生物、細胞または組織でのカンナビノイド化合物のレベルを変更する方法であって、生物、細胞または組織での請求項１〜４のいずれか一項に記載の外因性核酸分子を、外因性核酸分子を発現または過剰発現させること以外類似の条件下で育てられた生物、細胞または組織の類似の異種と比較して発現または過剰発現させることを含んでなる、方法。
生物、細胞または組織でのカンナビノイド化合物のレベルを変更する方法であって、生物、細胞または組織での請求項７に記載のポリペプチドをコードする外因性核酸分子を、外因性核酸分子を発現または過剰発現させること以外は類似の条件下で育てられた生物、細胞または組織の類似の異種と比較して発現または過剰発現させることを含んでなる、方法。
カンナビノイド化合物のレベルを増加させる、請求項１５または１６に記載の方法。
カンナビノイド化合物のレベルを減少させる、請求項１５または１６に記載の方法。
生物、細胞または組織でのカルボン酸およびＣｏＡ存在下で請求項１〜４のいずれか一項に記載の核酸分子を発現することを含んでなる生物、細胞または組織での自然に生じるカンナビノイド化合物またはカンナビノイド化合物の非天然アナログを合成する方法。
生物、細胞または組織が微生物由来である、請求項１５〜１９のいずれか一項に記載の方法。
微生物がサッカロマイセス・セルビジエ酵母または大腸菌である、請求項２１に記載の方法。
カンナビノイド生合成経路の一以上の酵素をコードする一以上の他の核酸の発現または過剰発現と組み合わせて核酸分子を発現または過剰発現させる、請求項１５〜２１のいずれか一項に記載の方法。
カンナビノイド生合成経路の一以上の酵素が、オリベトール酸シンターゼ、３型ポリケチドシンターゼ、ポリケチドシクラーゼ、芳香族ペンチルトランスフェラーゼまたはカンナビノイド形成オキシドシラーゼの一以上である、請求項２２に記載の方法。

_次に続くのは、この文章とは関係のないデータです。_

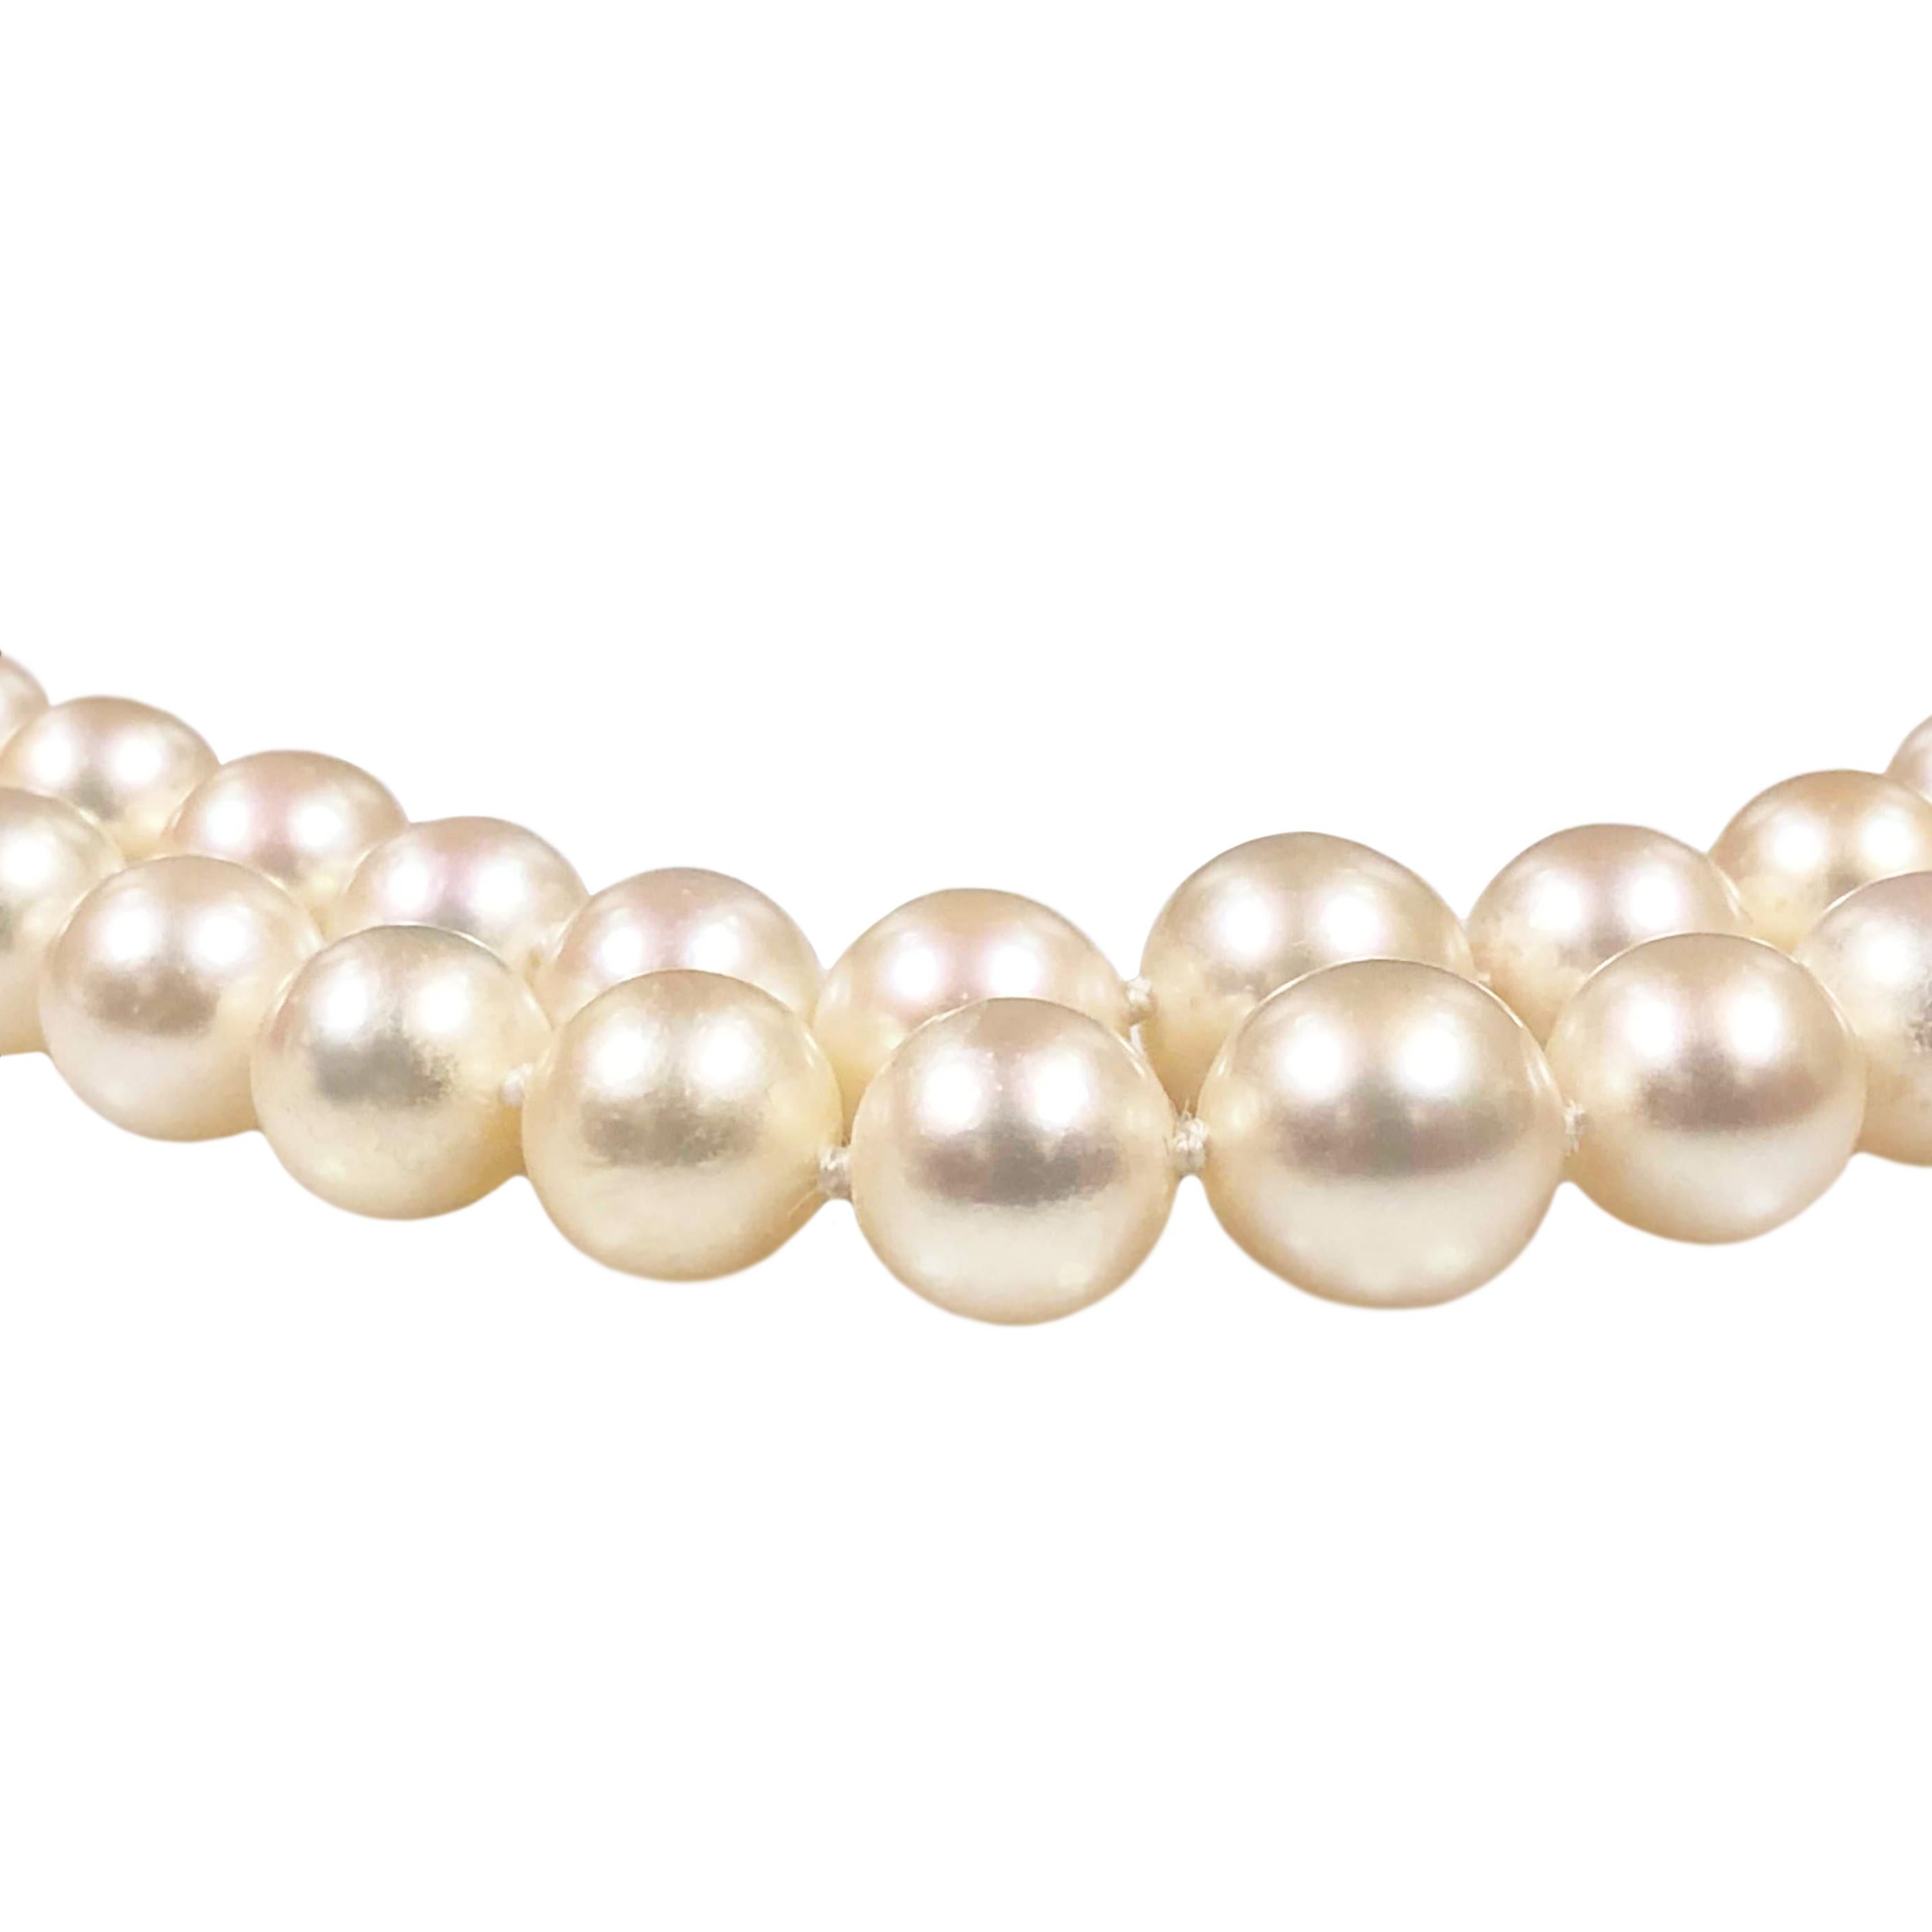 Circa 1960s Cartier Double Strand necklace measuring 16 1/2 inches in length and comprised of Fine Round Cultured Pearls measuring in size from 7.5 MM up to 10 MM, the Pearls are White in Color with a light Pink tint, they Grade as A+ with very

カンナビノイド生合成経路の一以上の酵素が、３型ポリケチドシンターゼ／オリベトールシンターゼ、ゲラニルピロリン酸：オリベトレートゲラニルトランスフェラーゼ、Δ^９−テトラヒドロカンナビノール酸シンターゼ、カンナビジオール酸シンターゼまたはカンナビクロメン酸シンターゼの一以上である、請求項２３に記載の方法。
カンナビノイド化合物が、カンナビゲロール酸、Δ^９−テトラヒロドカンナビノール酸、カンナビジオール酸、カンナビクロメン酸、Δ^９−テトラヒドロカンナビノール、カンナビジオール、カンナビクロメンまたは炭素原子１〜９個の長さの側鎖を含んでなるそのアナログの一以上である、請求項１３〜２４のいずれか一項に記載の方法。
インビトロ非細胞反応でのアルカノイル−ＣｏＡの合成方法であって、請求項７に記載のポリペプチドの作用を介してコエンザイムＡとカルボン酸を反応させることを含んでなる合成方法。